No update to the Legends deck
I’ve read discussions of production considerations (there are only so many card slots on a print sheet and so on) and I guess that’s a valid argument from a strictly monetary point of view. But the fact remains that if you want to play with seven cars on the track (and why wouldn’t you?) then one of the human players must play orange
because the Legends deck, as printed in the base game, doesn’t take orange into account.
Sure, you can say that whenever green comes up on a Legends card it really means orange, but that’s an unnecessary mental layer I would not expect a game that’s sold oodles of copies to burden me with in an expansion.

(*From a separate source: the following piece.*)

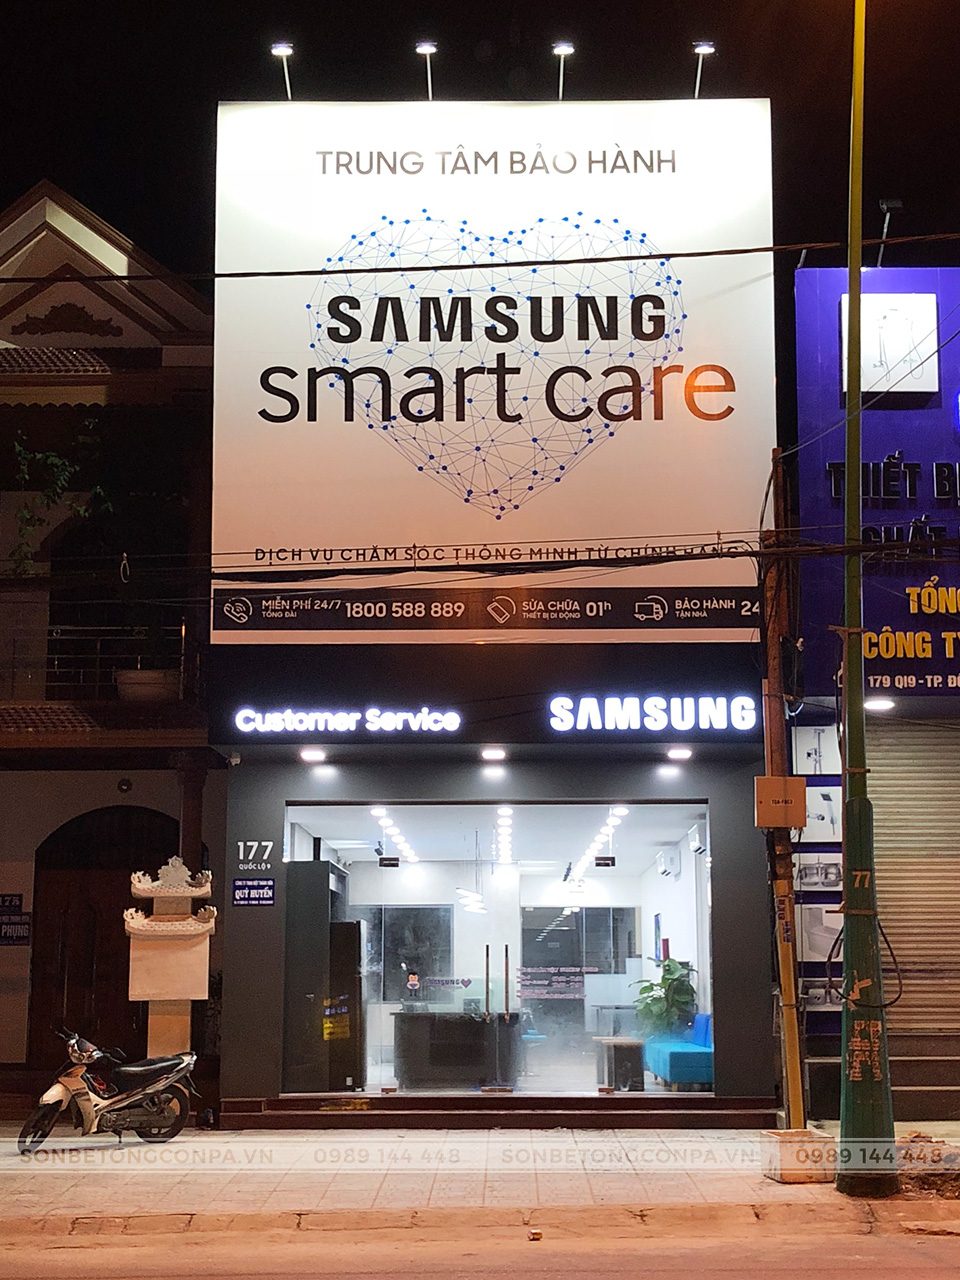 Trung tâm bảo hành Samsung smart care tại Quảng Trị

And if it was too expensive to reprint the Legends deck for just one additional car… then why not a) add more cars in one go, or b) reprint the Legends deck right now to accommodate all 12 cars and be done with it?
No room on the cards? There’s a ton of different formats out there ripe for the picking, but the simplest idea (to steal from the most recent edition of Formula D) would have been to make all 12 cars into six pairs of cars: two yellows (one with a black stripe), two reds (one with a black stripe), and so on. Not only would you be opening the way for a “racing stable” variation in the future, but you’d also be making sure that your original Legends deck will work no matter what: the yellow number moves both yellow cars, the red number moves both red cars, etc.
Right now, racers are wondering how many new cars will need to be in the game (i.e. how many expansion boxes later) before we get an updated Legends deck. Not a great feeling.

Very little content for the basic rules
I’ve mentioned it earlier in this review: Almost every time I get Heat to the table, we have a handful of new players around the track, and it just makes sense to use the basic rules with those people. (And it’s also true for most of the Heat owners around me.) So no garage options, no championships, no sponsorships… (Thought we tend to add Legends and weather as soon as we hit race #2.) This means that most of the time, for us, the expansion comes down to one more car and two more tracks. It’s pretty thin.
As I’ve previously highlighted, nothing in here is backwards compatible – not even the Legends deck – so nothing in the expansion will affect the way you race on the four original tracks if you don’t use the advanced rules. Well, there is a seventh car, and you can always draw those chevrons on your Great Britain track. But it’s not much.

Overall quantity of content

This is debatable, and I won’t get into the whole pricing knife fight. (But yes, I was taken aback at the box’s contents after paying for it.) Even if you consider every item in the expansion, it’s not very much. But beyond that, my main gripe here is that it’s a feeble expansion that probably won’t really change the way you play Heat. My consumer perception
and I don’t seem to be alone in thisis that you’re getting two new tracks and one new car, plus some other bits, most of which are weirdly integrated and not backwards compatible.

For a system where we’re told everything was thought of long in advance, Heavy Rain sure doesn’t feel like it. There are too many instances that make you go, “Well, if they knew they were going in this direction, why did they print it like that?” and furrow your brow about the future (“So I guess all future tracks will either be permanently flooded, or never?”) I mean, what about strong winds or night conditions
are things like that also going to appear on selected tracks only?

As such, I cannot recommend Heavy Rain to my boardgaming friends. It just doesn’t feel like an expansion worthy of that name. Even at half the price, I would still say that Heavy Rain doesn’t feel like an expansion for our beloved Heat.

It just feels like a couple of new tracks.